Desde a famigerada Sexta-feira D, pessoas passaram a me ignorar — algumas abertamente, outras seguindo o bonde.

— Não anda perto de mim. Não quero ser visto com o viadinho da família.

Esse foi o aviso que meu primo me deu, certo dia, quando descemos do carro do seu pai. Foi a última vez que peguei carona com eles, porque passei a pedir meu próprio pai para me deixar na metade do caminho e, assim, economizar no ônibus. Mesmo tendo que acordar mais cedo, mesmo tendo que escutar reclamações por parte dele às seis da manhã todos os dias, ainda valia mais a pena sua companhia do que a do Carlos.

A que ponto chegamos, né?

Este levou suas palavras a sério. Apesar de não ter mudado de lugar na classe, continuando a se sentar do meu lado direito, Carlos deu um jeito de afastar a fila de carteiras inteira pelo menos mais um metro longe da minha. E ele levou as pessoas junto, é claro, porque ele é o "macho alfa".

As meninas, Natália e Isadora, foram se afastando. Não foi um processo demorado: num dia elas me deram bom dia normalmente, no dia seguinte fingiram que não me viram entrar na sala de aula. Como não procurei contornar a situação, elas continuaram assim, dando assistência às piadas do meu primo.
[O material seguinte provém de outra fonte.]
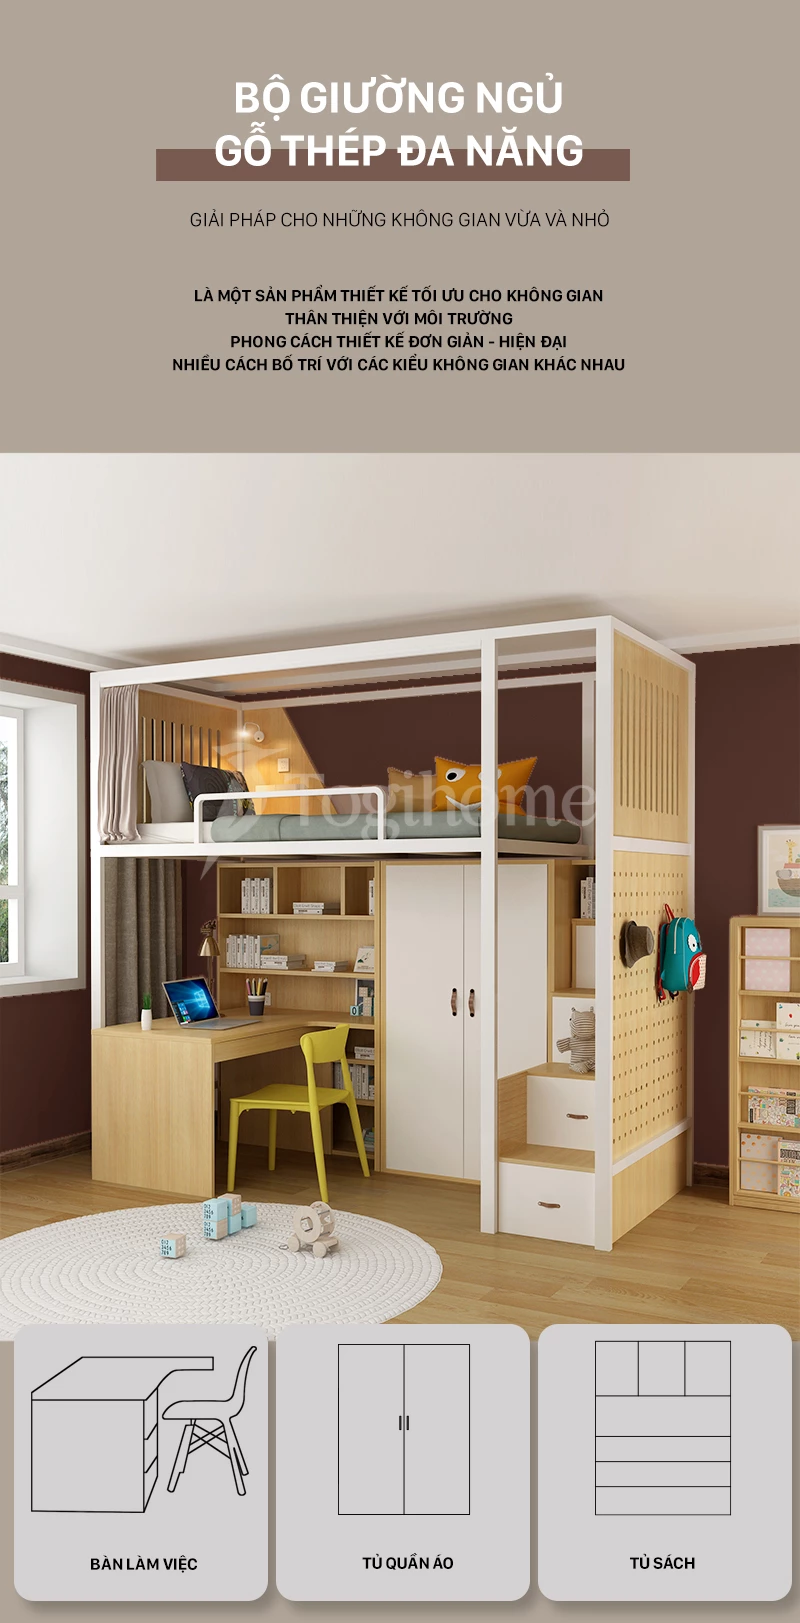 Bộ giường ngủ cao cấp GSTE004 kết hợp tủ quần áo/Bàn học/Tủ thang đa năng, phong cách hiện đại tối ưu không gian

O afastamento do Caíque foi obviamente imediato, mas às vezes ele se esquecia que estava no bonde deles, e não no meu, e soltava algumas frases na minha direção... Mas logo parava e dizia coisas do tipo "ah, é, esqueci!" e me dava as costas.

Todos eles cumprimentavam o Renan, mas também não passavam disso — quando se juntava a mim nos intervalos, o Renan também sumia das vistas do resto. Ele me dizia que o Felipe falava com ele normalmente dentro da sala de aula, mas era só colocar os pés no corredor que também se lembrava que "não deveria fazer isso"... Ou algo assim.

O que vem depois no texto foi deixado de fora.